The bus pulled out of the terminal and slowly trundled down the street.

“But why the bus?” Jughandle asked.

“Because the bus costs us twelve bucks each, whilst Amtrak would charge us over fifty per head to barely get us there any earlier. And because if Mize could do that to his car, I AM NOT getting on a plane with you.”

“And why do we need to go to Boston in the first place?”

“Because we just do.” His patience frayed.

"Because whatever this superheroing we're needed for is needed in Boston, obviously." Fateball reasoned.

"Exactly. Listen to this one boys, she'll see you right."

"Boston. The City of Brotherly Love..." She continued.

"OK. You can stop listening to her now."

"I thought it was the City of Trees?"

"That's Boise."

"Nah, WE'RE from Joisey..."

"Great. I'm stuck on a bus with pre-pubescent Marx Brothers."

"Who?"

"Animaniacs." Ted simplified.

"Ah."

"AND the Warner sister!"

"Alright, that's enough of that, now. Can we have just a few moments of quiet. I't's been a long day, time travel really takes it out on you apparently--"

"--especially without a chrono suit, sir."

"Yes, thank you, Skeetz. So if I could just have a little quiet, I might actually try to squeeze some sleep in before we get there."




Four Straight Hours Without Consecutive Minutes Of Silence Later





Ted stared straight ahead with bloodshot eyes, breathing deeply.

"I think we broke him." Mize said, waving a hand in front of the hero's face.

"I'm a man of means by no means, King of the Rooo-- --hoik!"

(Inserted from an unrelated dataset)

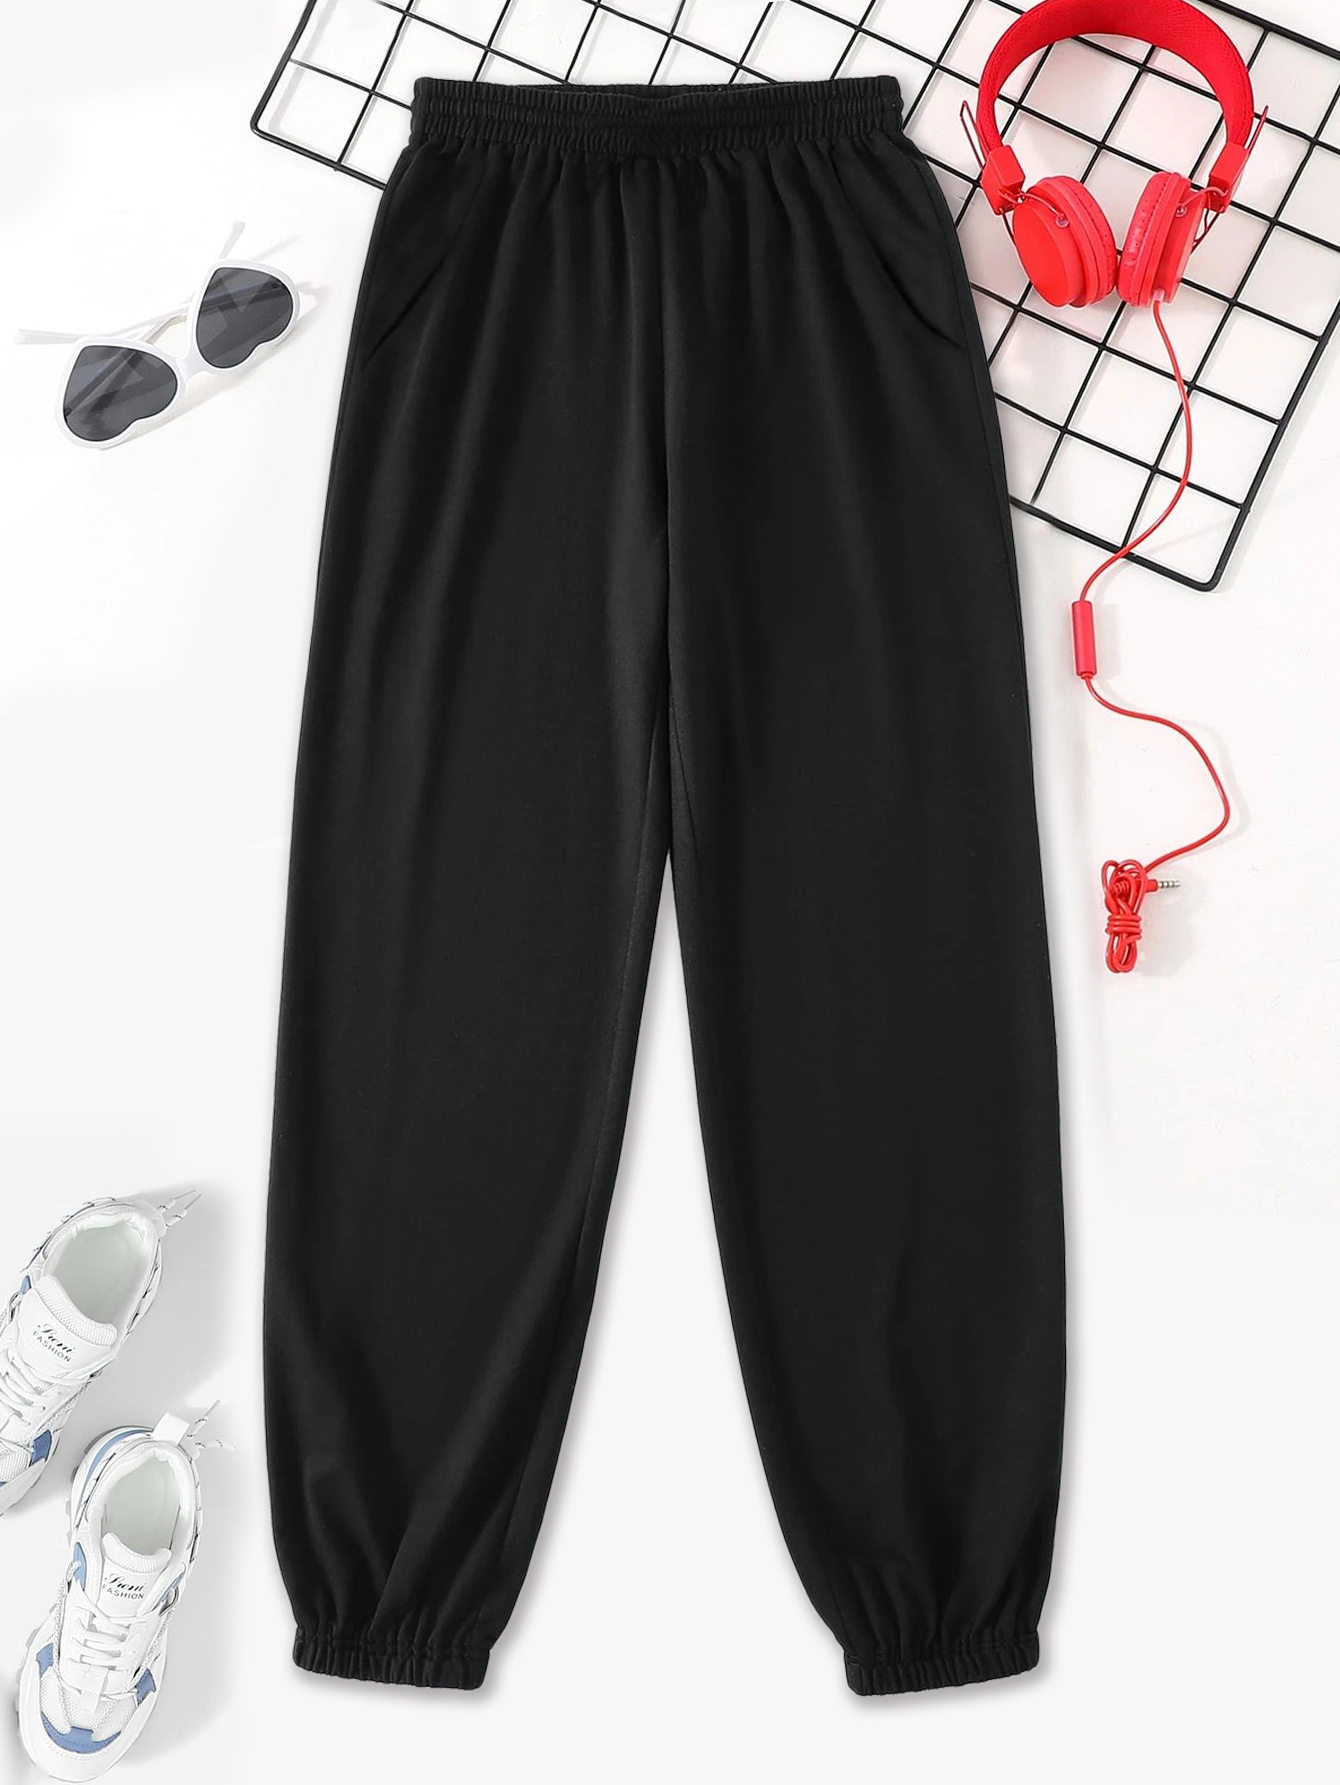 Qcmgmg Cute Sweatpants for Teen Girls Winter Warm High Waist Fuzzy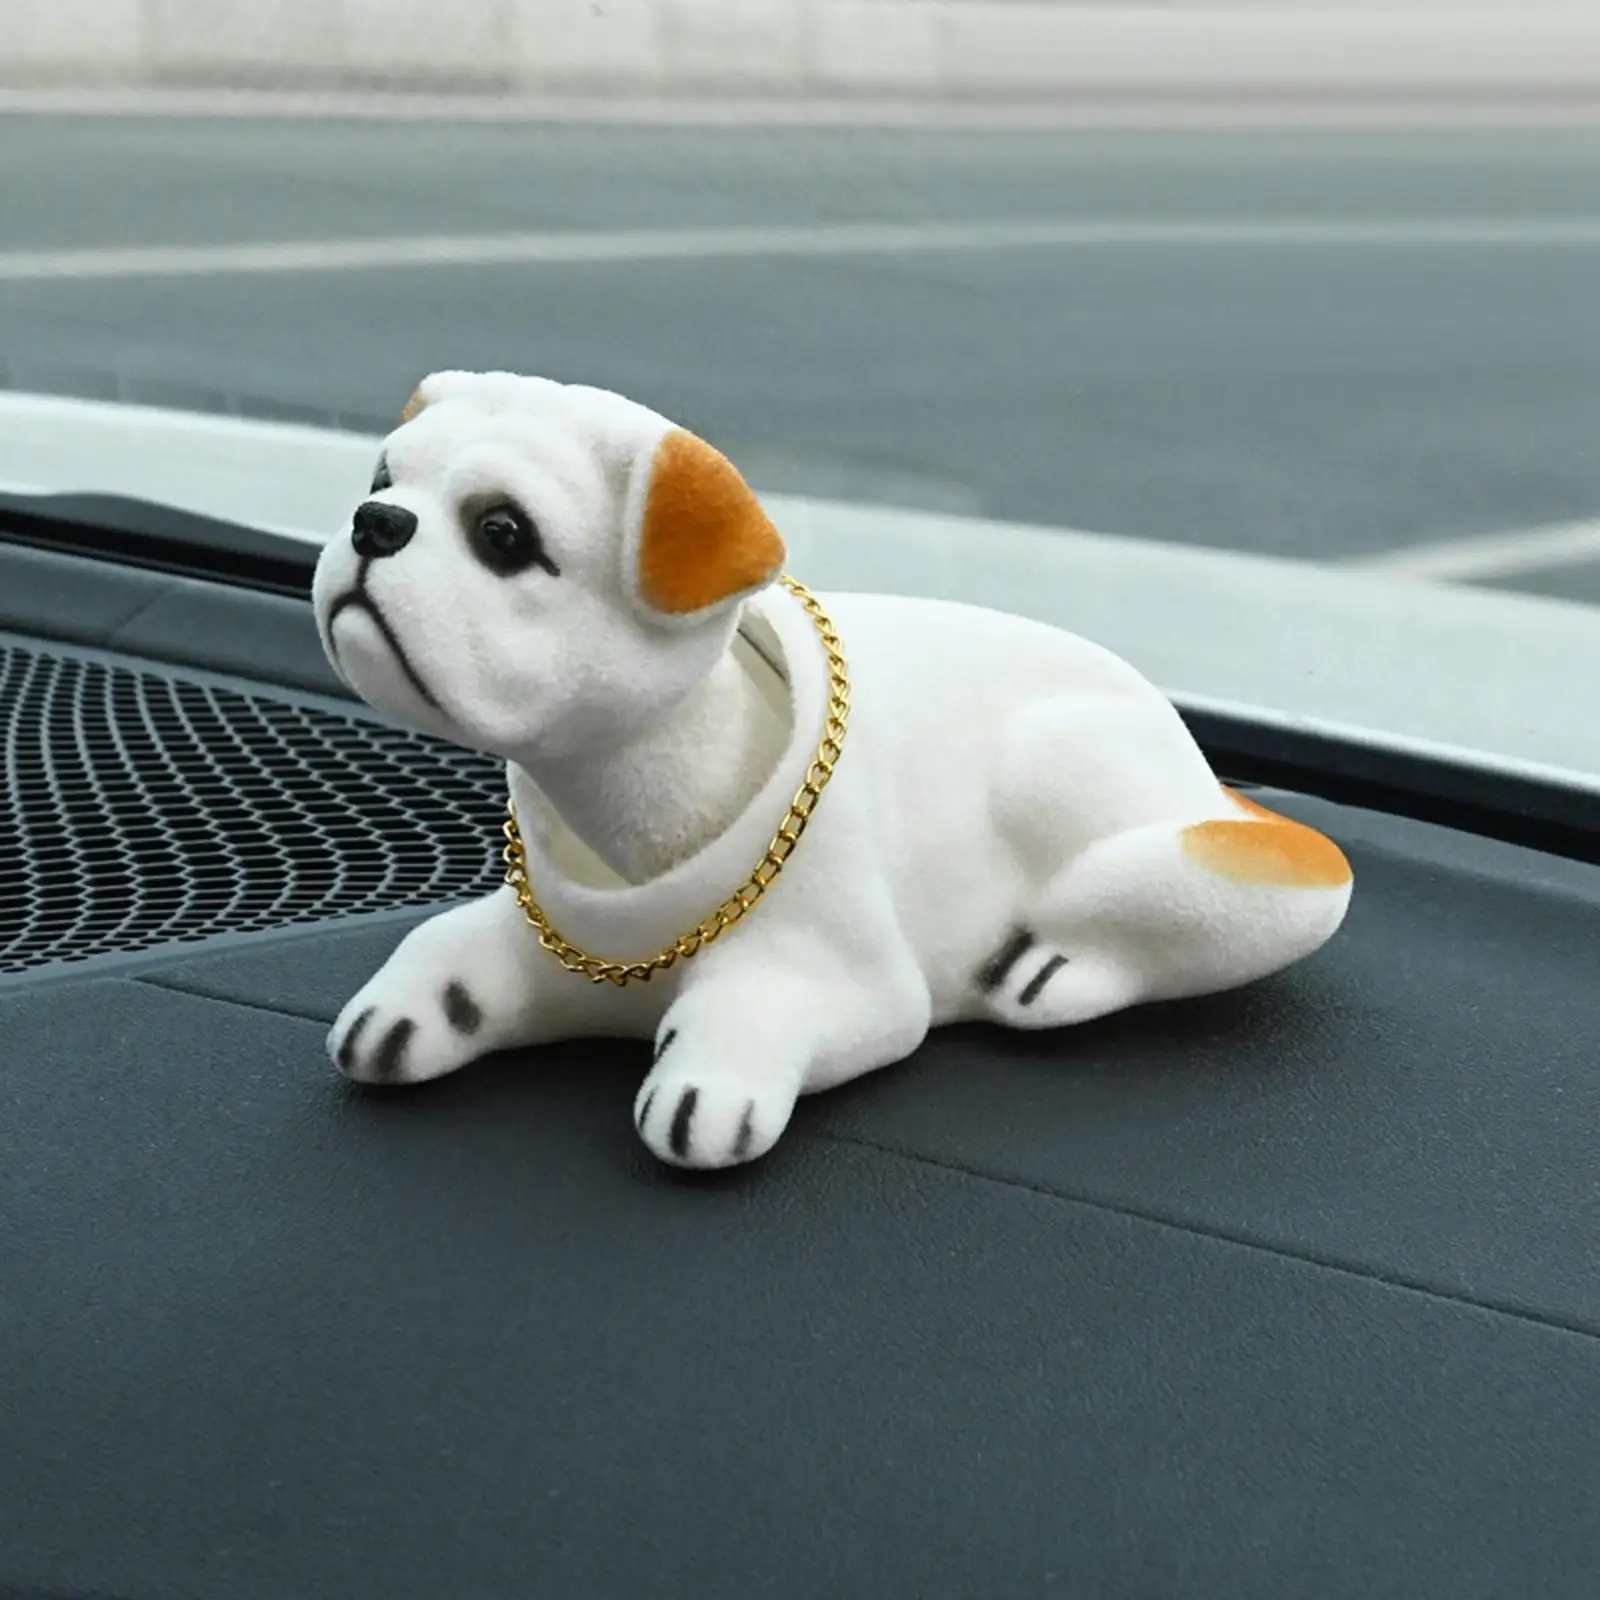 Dashboard Head Dogs Nodding Heads Car Dashboard Ornaments Puppy for Car Vehicle Interior Decoration

Ted moved swiftly and grabbed Jughandle by the collar. Eyes twitching, capillaries about to burst, if the brain in behind them didn't first.

"Whoa, man!"

"I'm OK... I'm OK. Just STOP singing. I am so tired... I can't be held responsible for what's going to happen next if--"

"Oh hey, we're here!"

The other three watched uncomfortably as Ted sobbed gently and deeply.




B O S T O N

2002 | Errrr... Boston, Massachussetts

The four walked around the streets of Boston in uncomfortable silence, the three teens periodically glancing back at the older superhero until he eventually punched through the thick atmosphere.

"It's OK. I'm OK. I'm sorry about before. I'm also pretty sure this is happening out of some weird cosmic karmic alignment because of how I was around my own teachers when I was your age. I am just very tired right now. So very tired. Let us never speak of the bus again."

The other three paused, considering what he said before Fateball finally spoke up.

"So where to now?"

"It's just up ahead here. Just a bit further." The Blue Beetle pointed a few houses further down the street.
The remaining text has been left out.